** PROBLEM REQUIREMENTS **
A verbatim transcript of the data that follows, free of images, is the expected result.

** INFORMATION PROVIDED **
* * * *

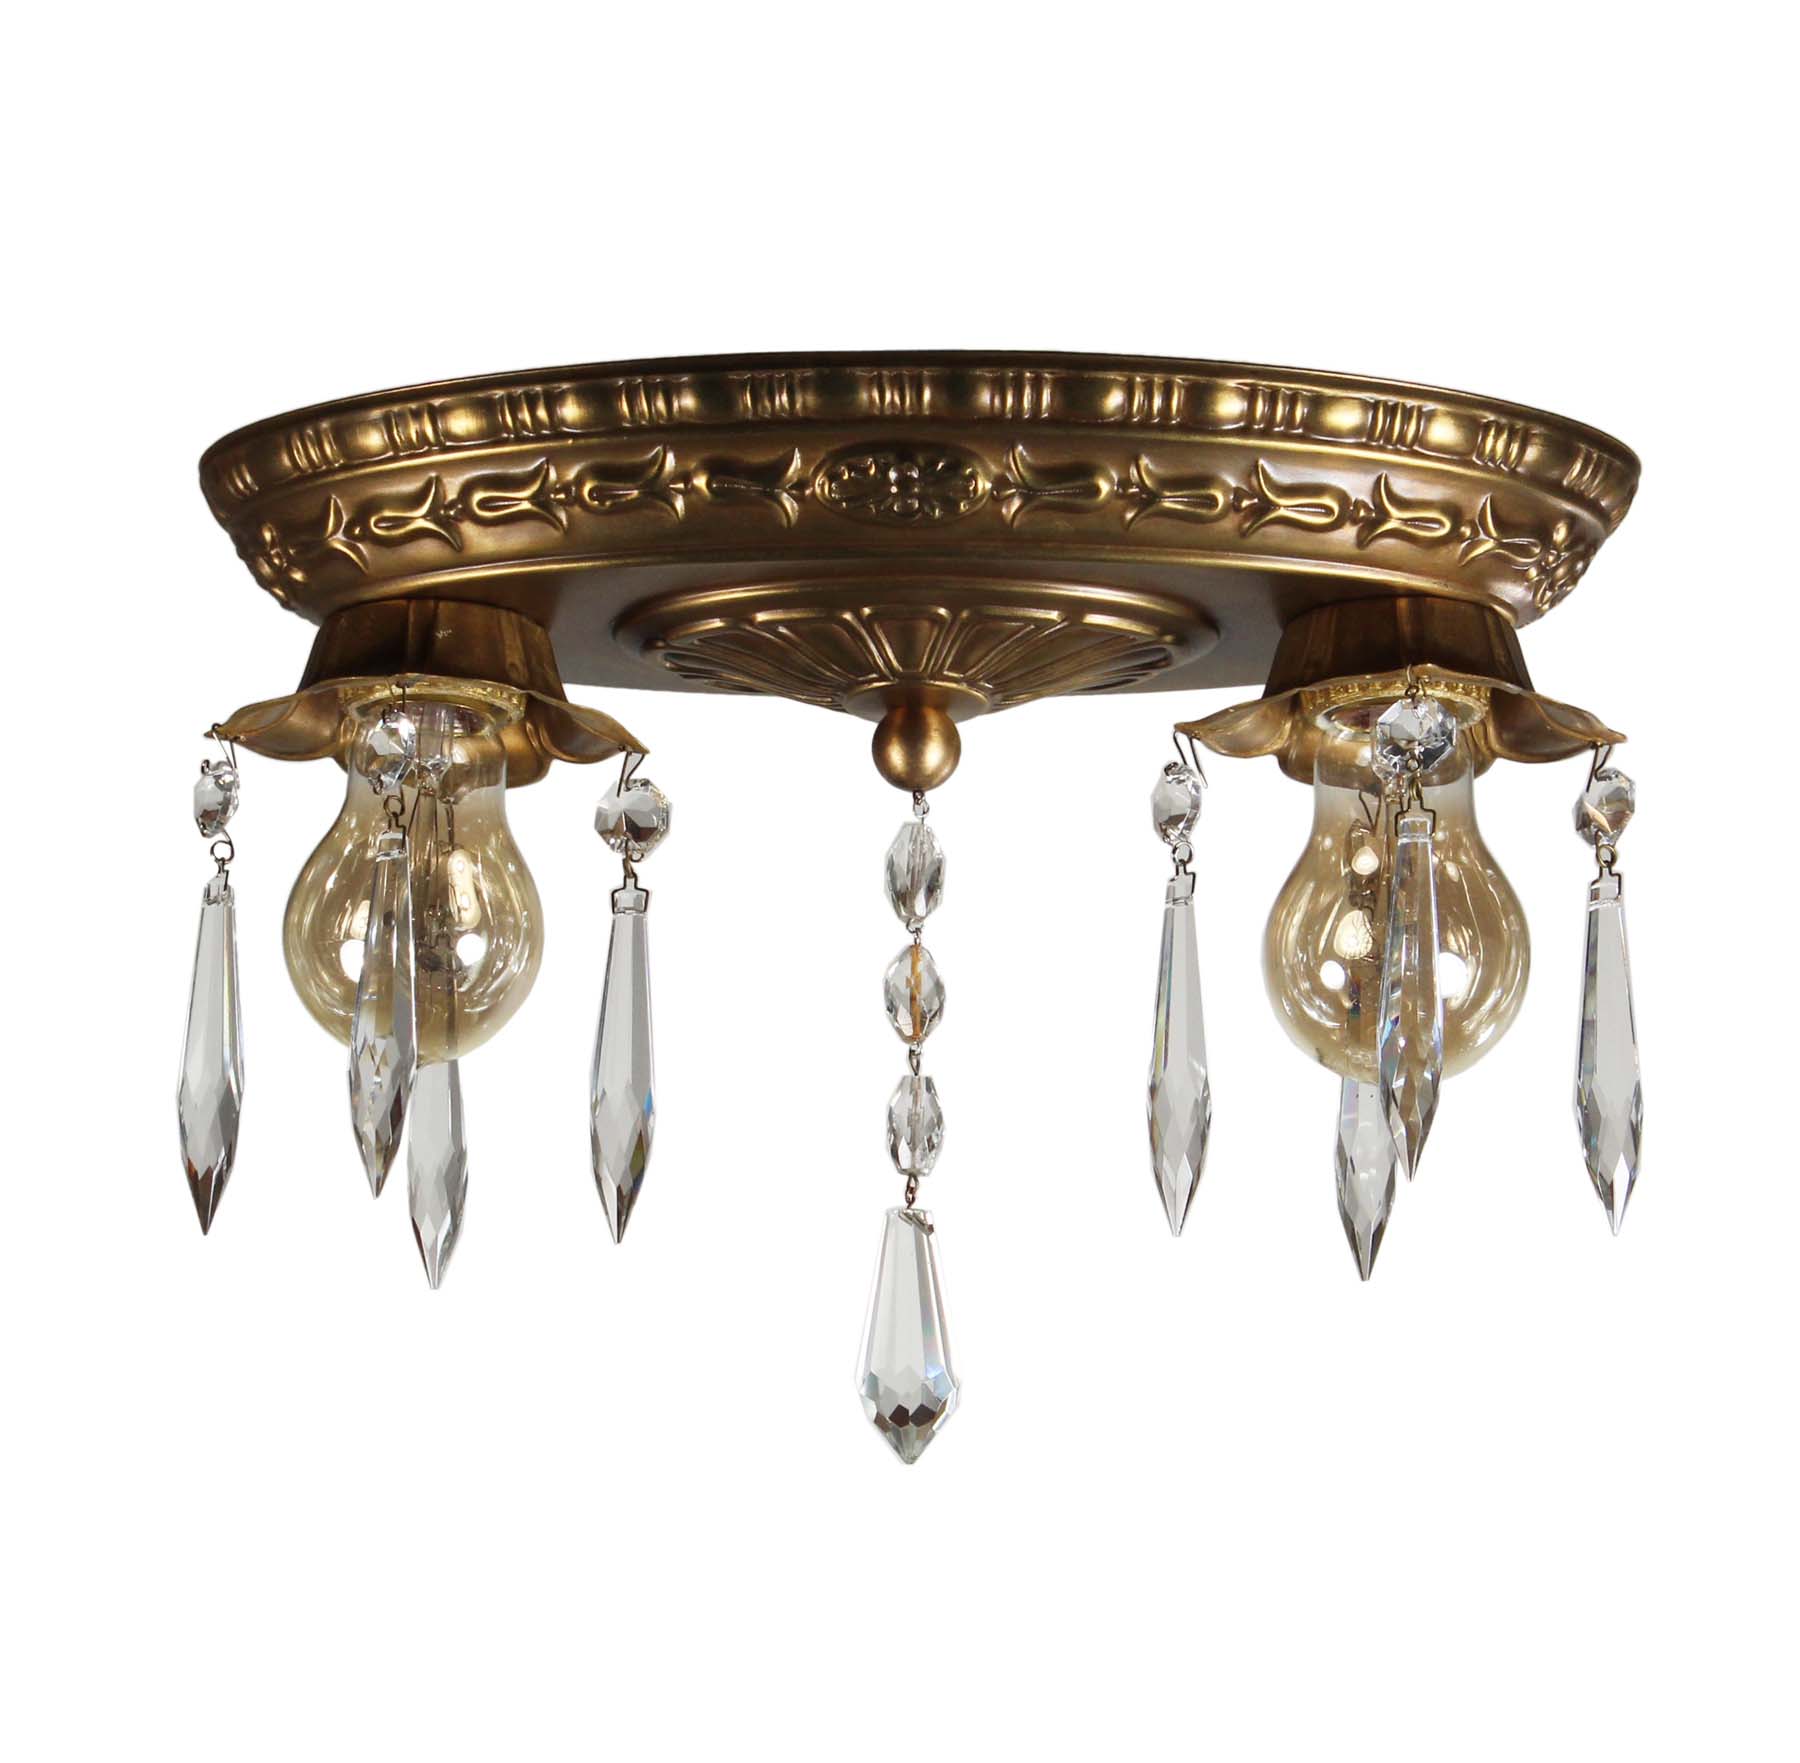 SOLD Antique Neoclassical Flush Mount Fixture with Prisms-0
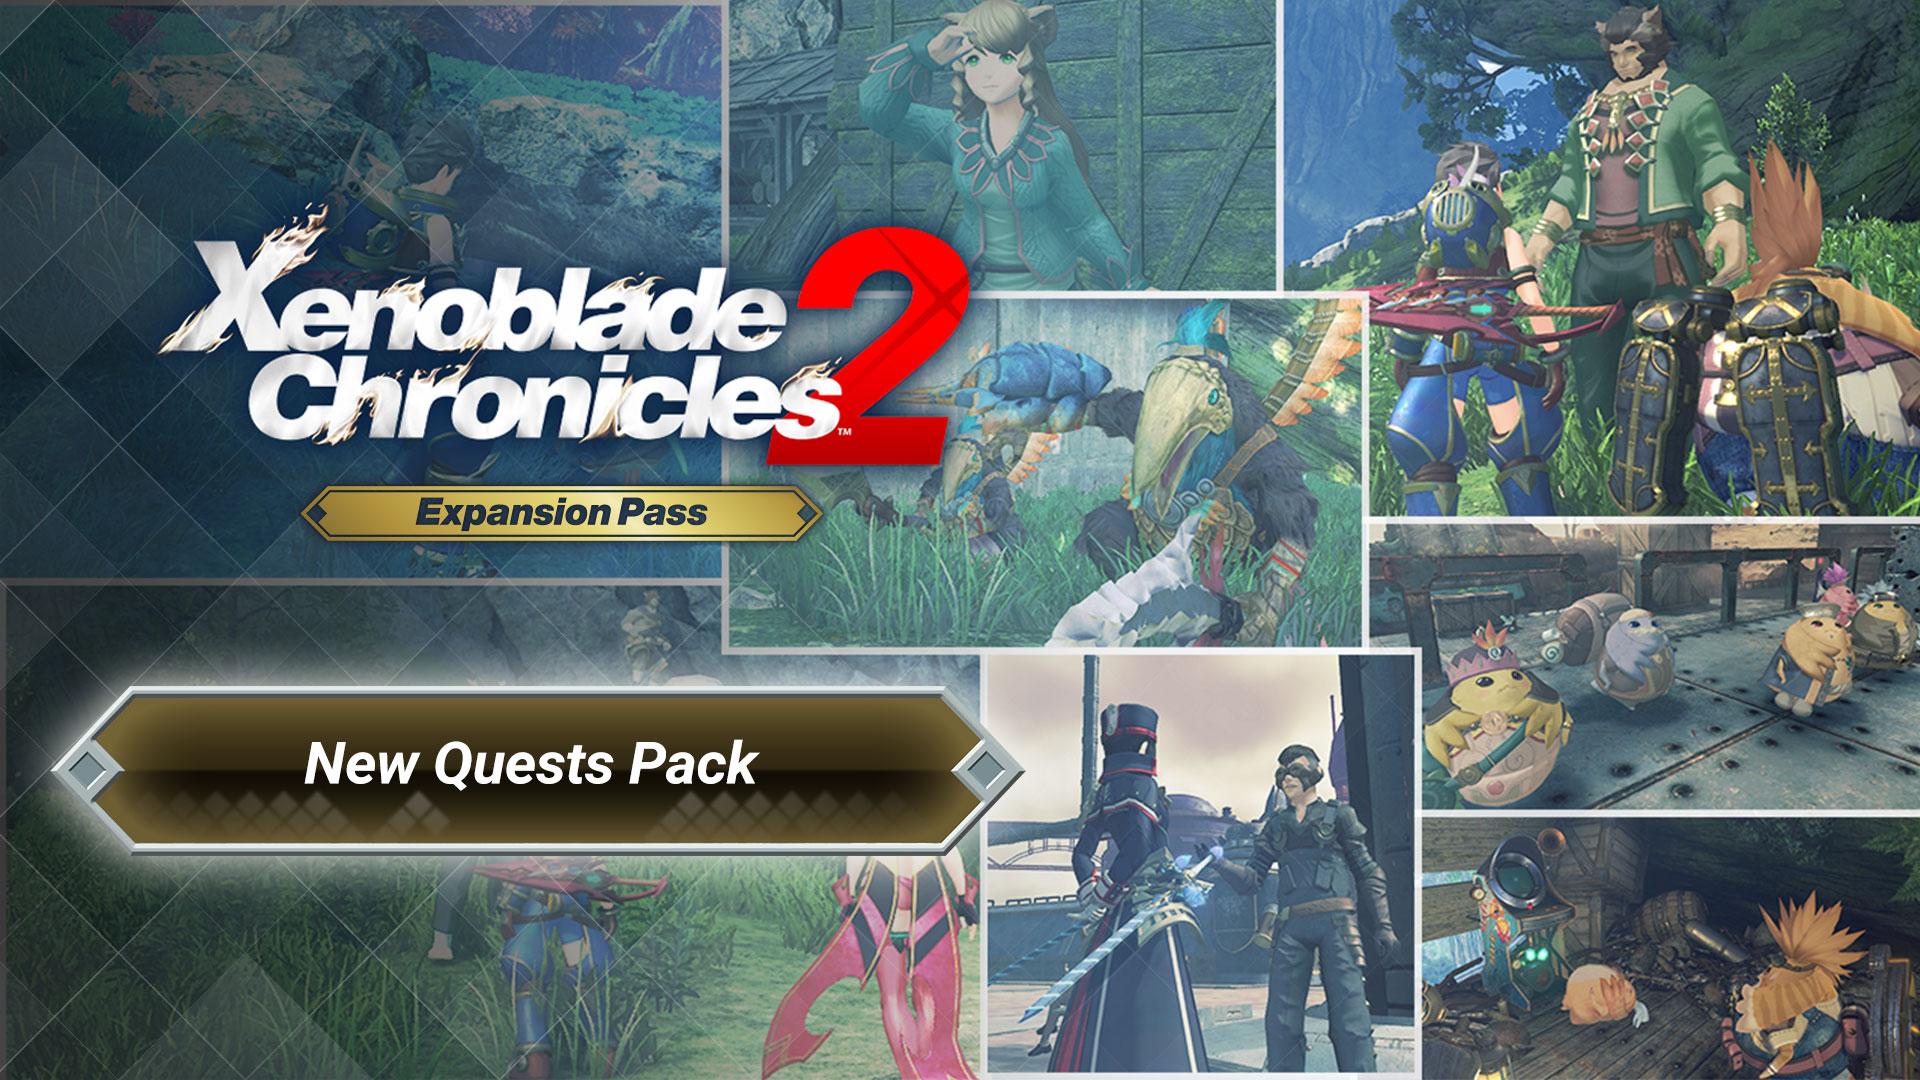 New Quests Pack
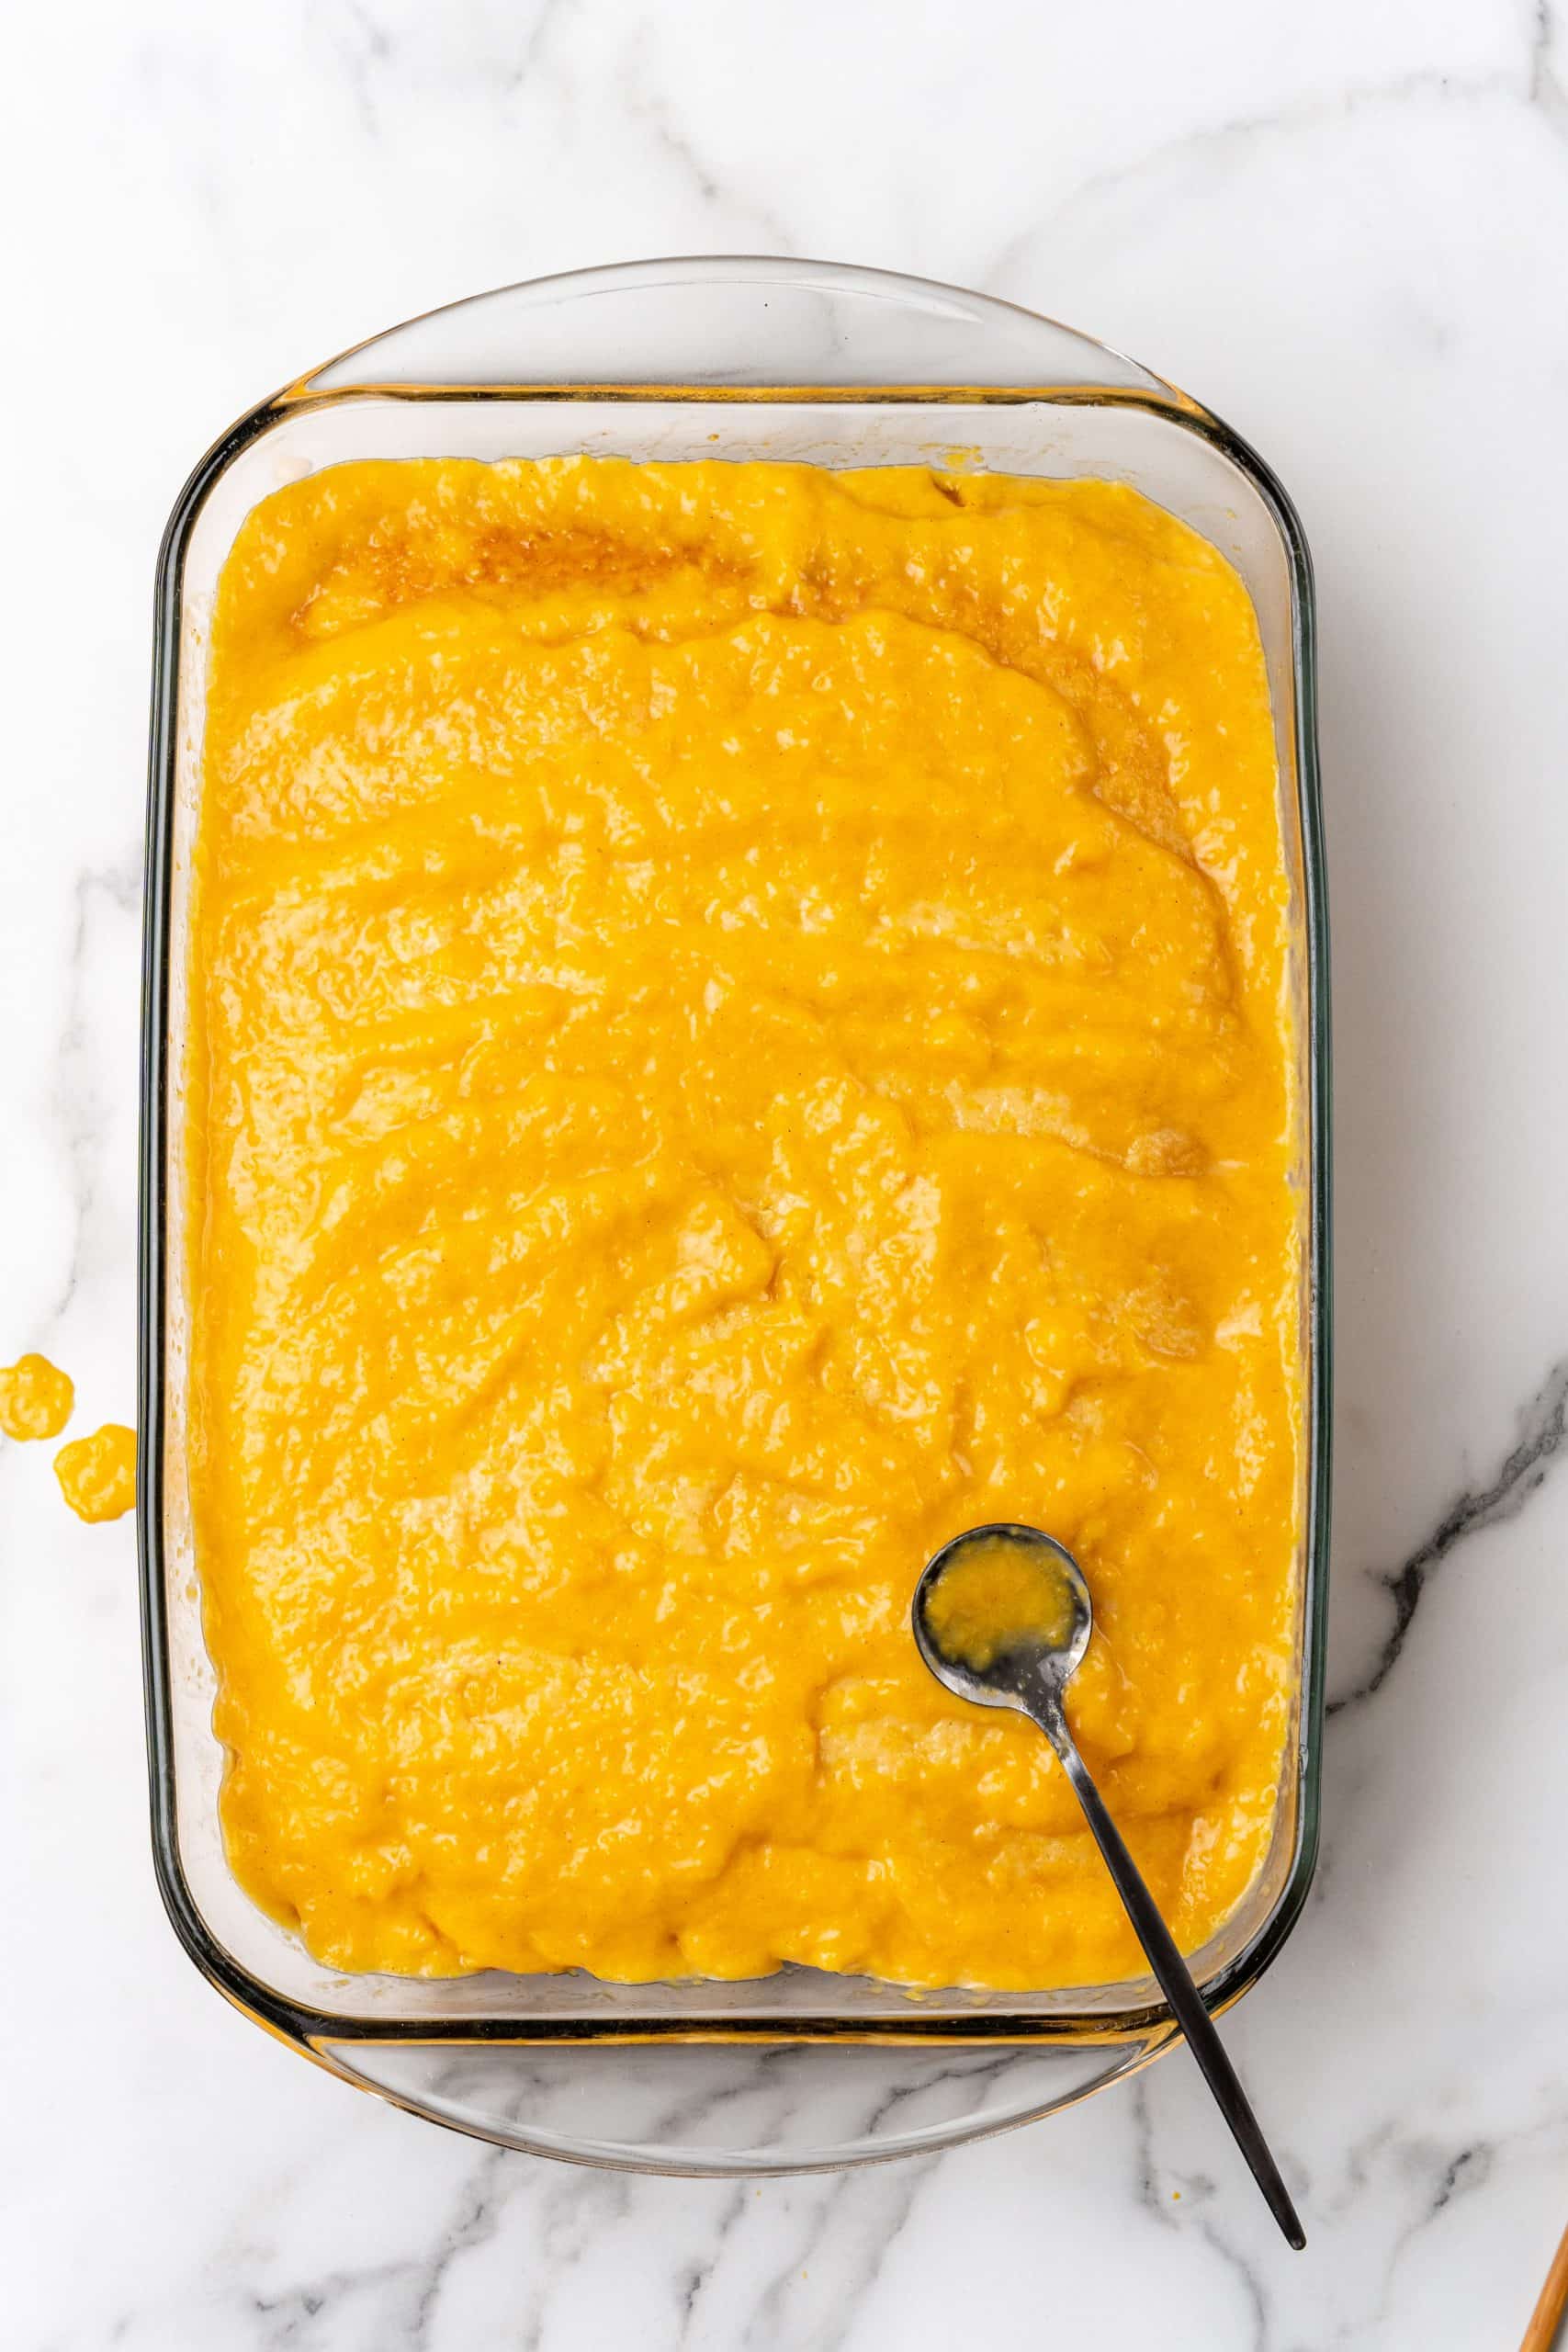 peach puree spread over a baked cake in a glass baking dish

* * * *

** SOLUTION FOR THIS EXERCISE **
 SOLD Antique Neoclassical Flush Mount Fixture with Prisms-0
 New Quests Pack
 peach puree spread over a baked cake in a glass baking dish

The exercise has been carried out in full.